The task:
Look through the data below and output, unchanged, every line from the one holding "管理職に求められるスキルとは?能力を高めるための施策もご紹介 Senses lab." through the one holding "187-19 Williamson Avenue - Photo 1", inclusive. Skip the pictures.

Records shown:
● ● ● ●

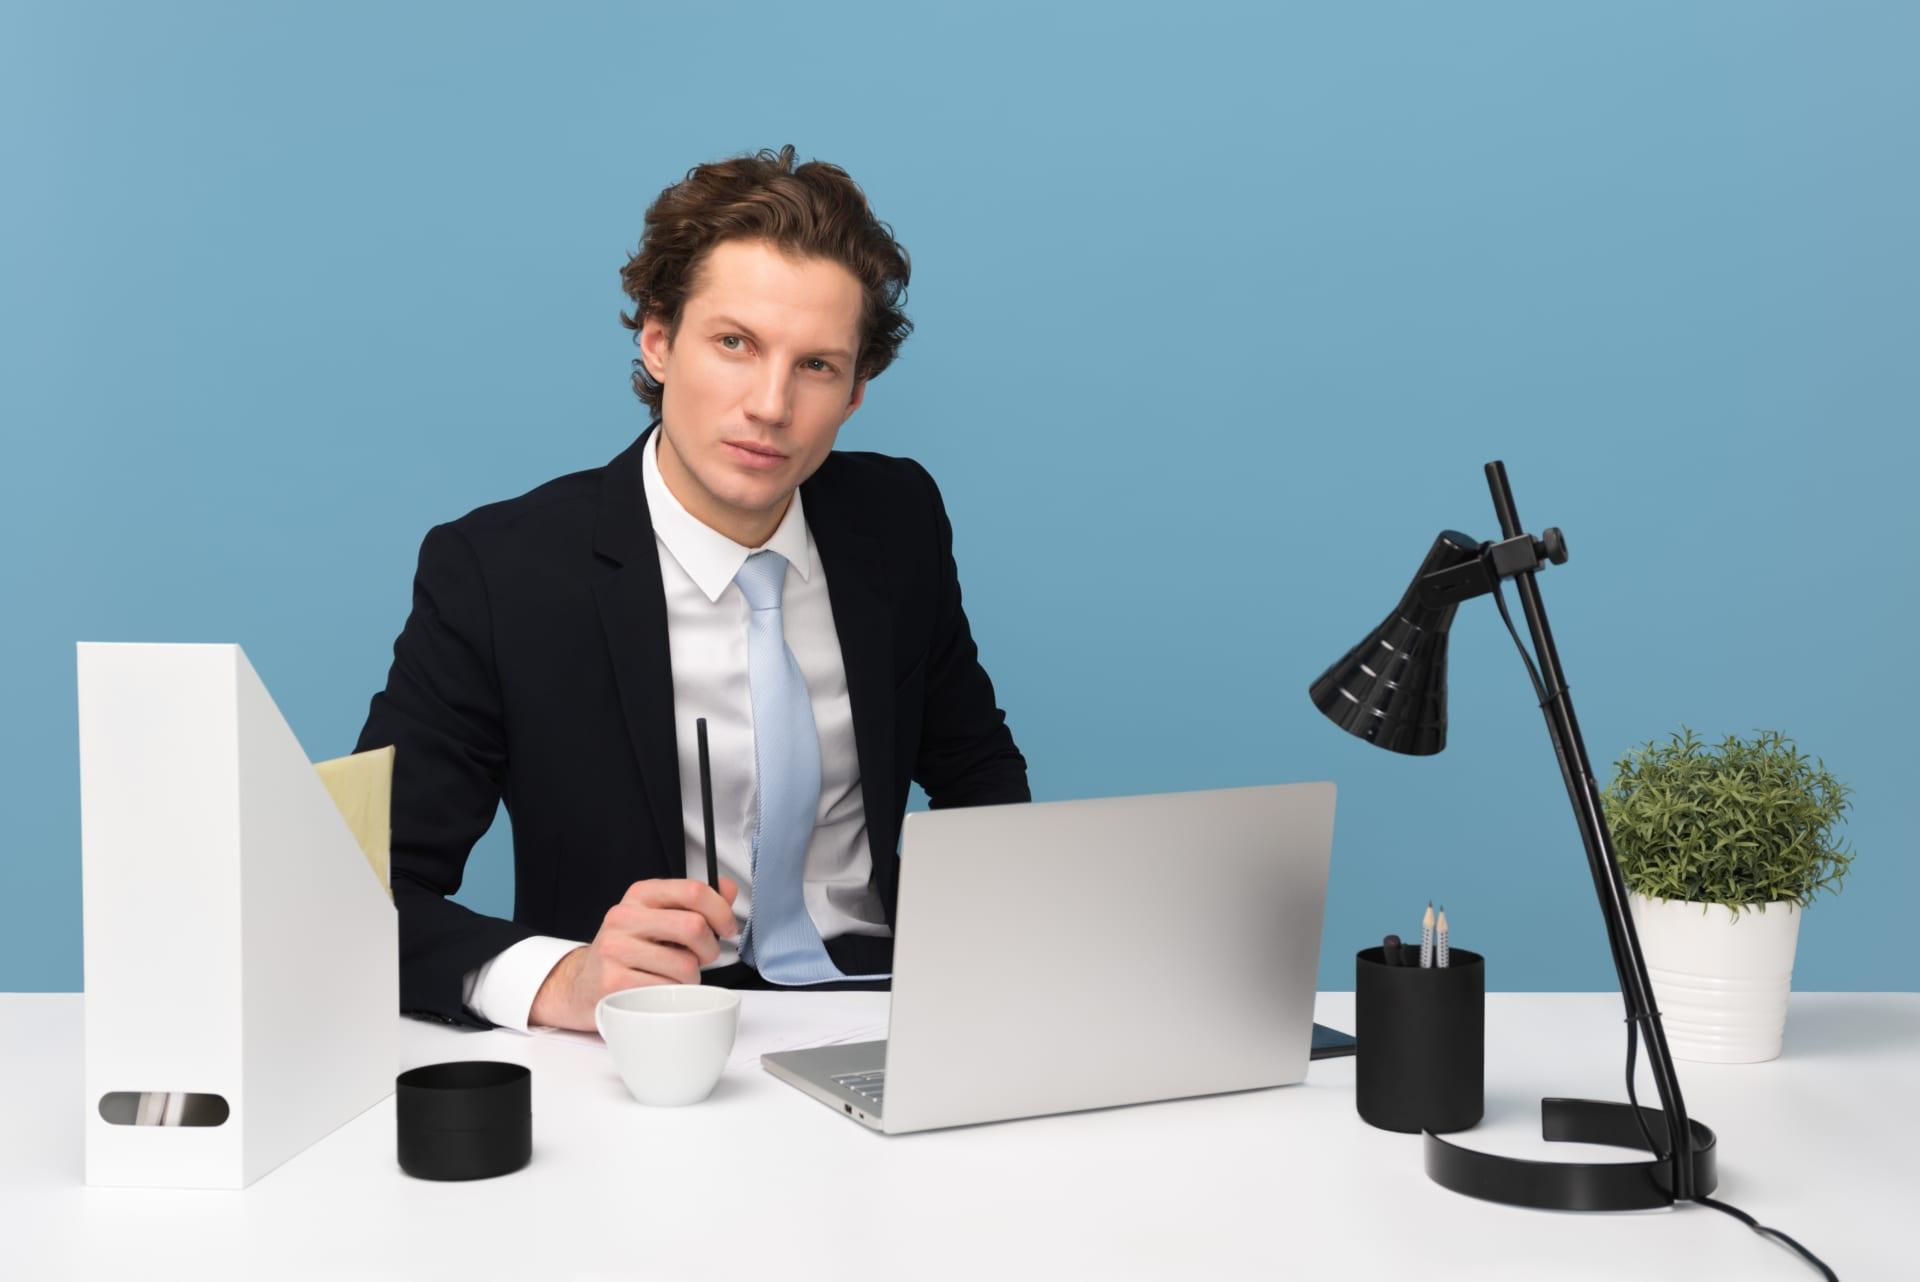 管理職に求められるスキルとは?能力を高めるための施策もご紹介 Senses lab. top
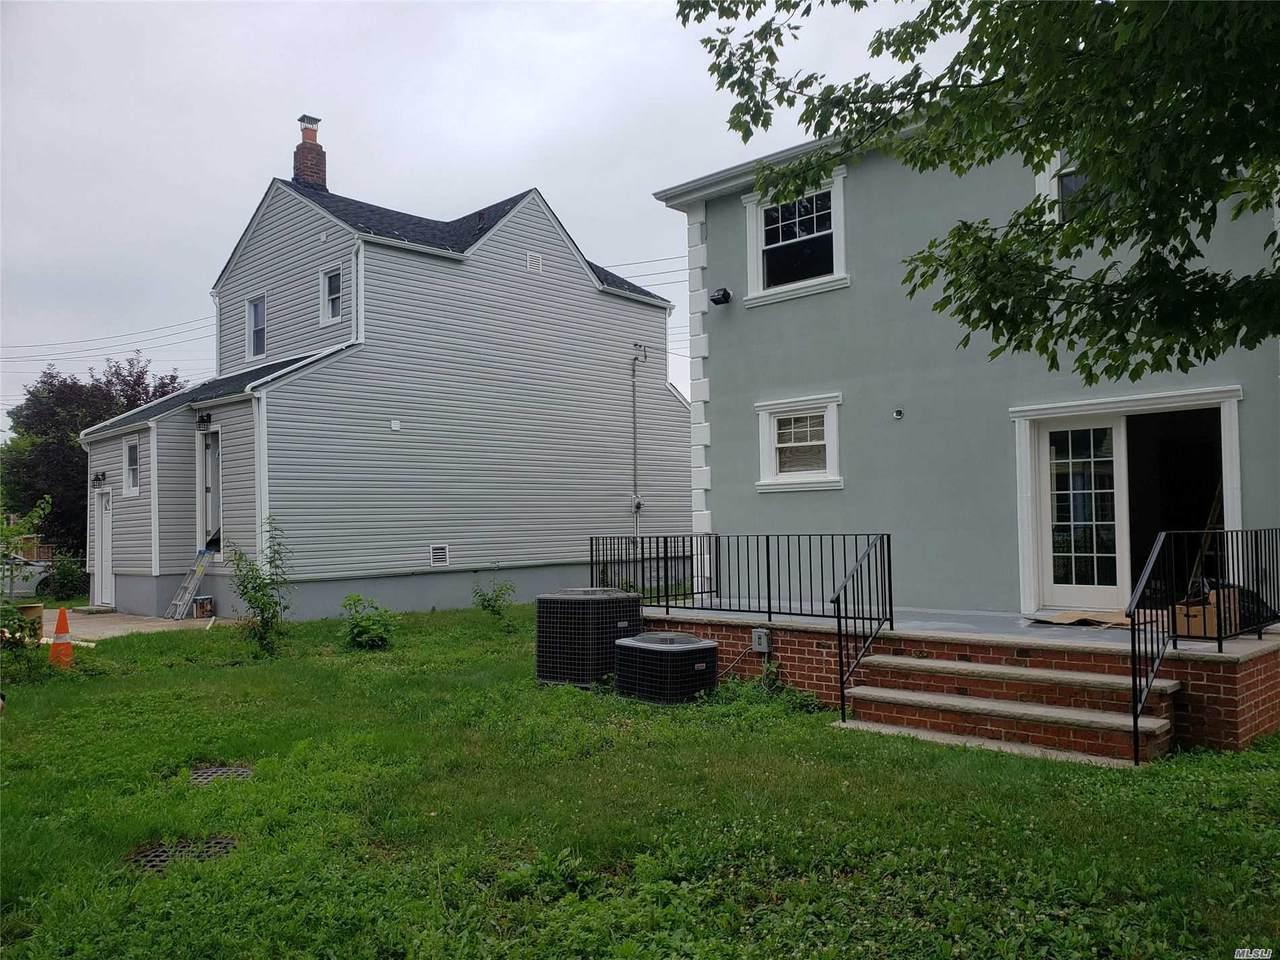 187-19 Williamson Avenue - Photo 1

● ● ● ●

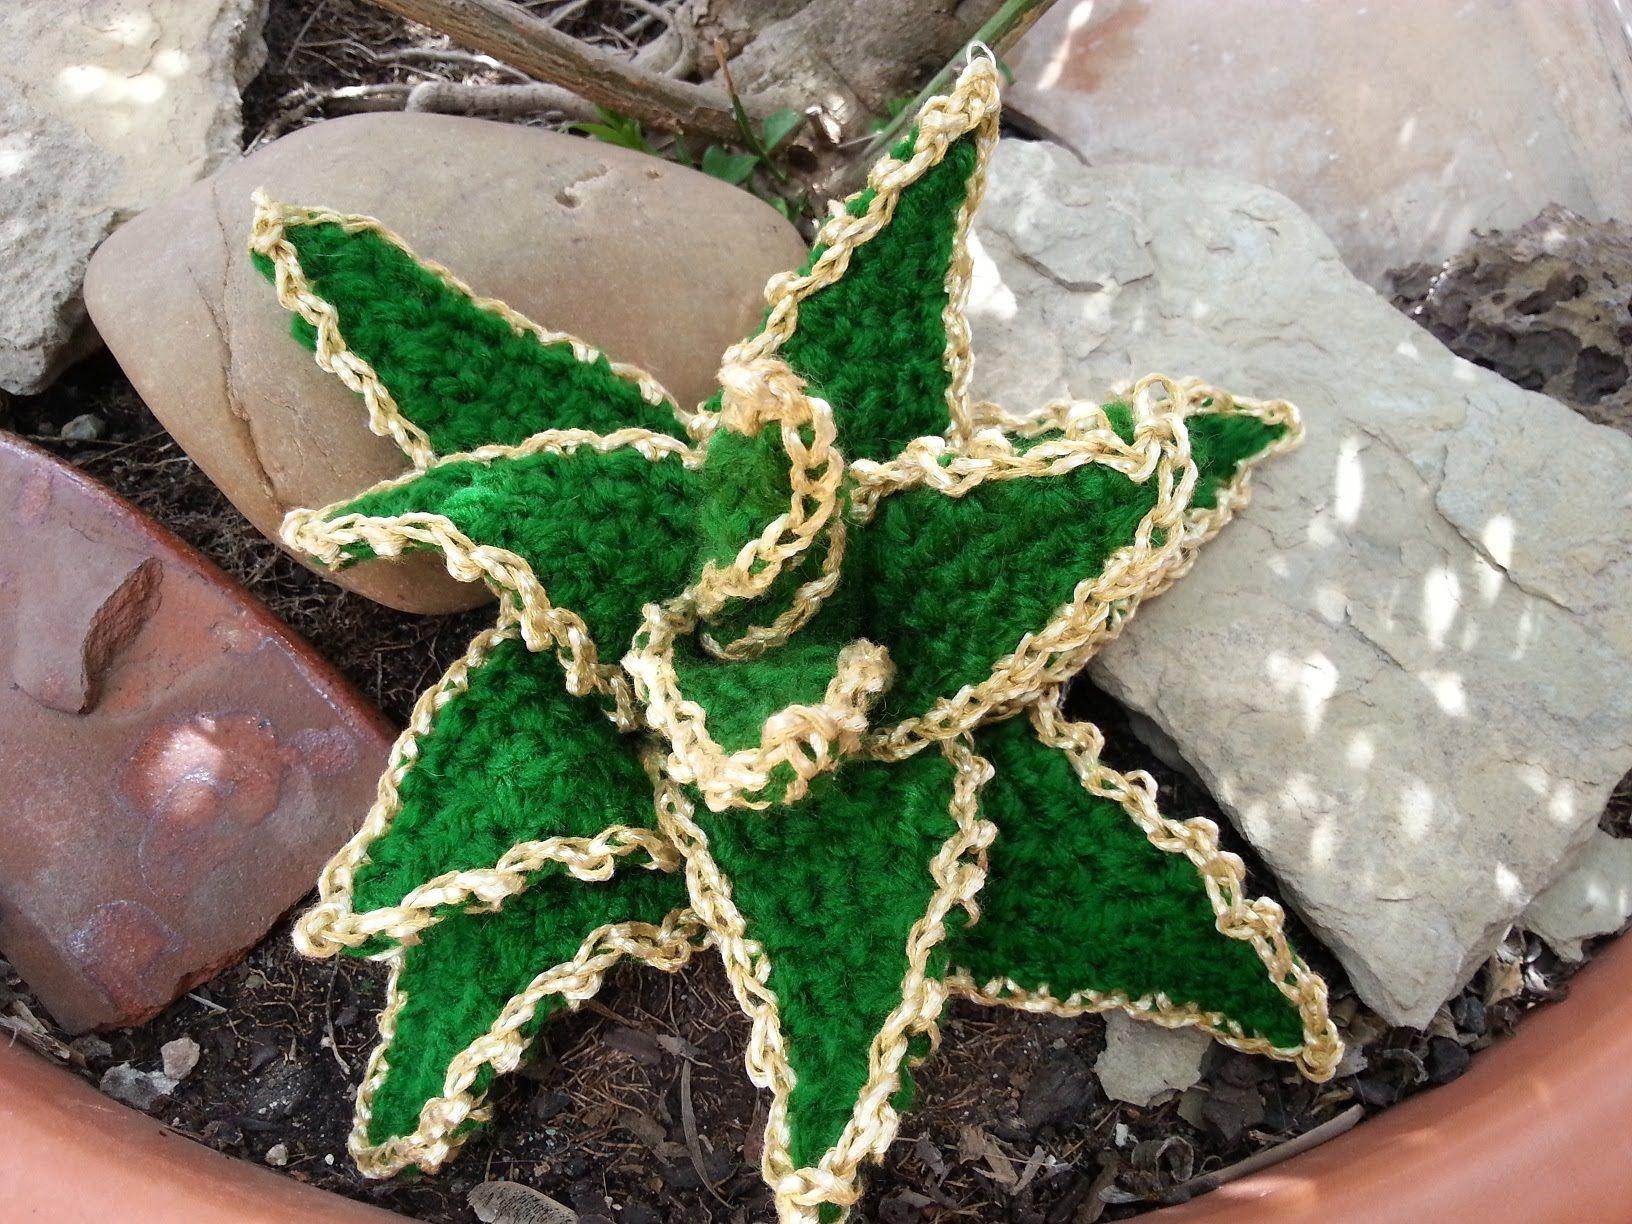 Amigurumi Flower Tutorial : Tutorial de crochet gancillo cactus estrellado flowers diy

● ● ● ●

Your solution:
 管理職に求められるスキルとは?能力を高めるための施策もご紹介 Senses lab. top
 187-19 Williamson Avenue - Photo 1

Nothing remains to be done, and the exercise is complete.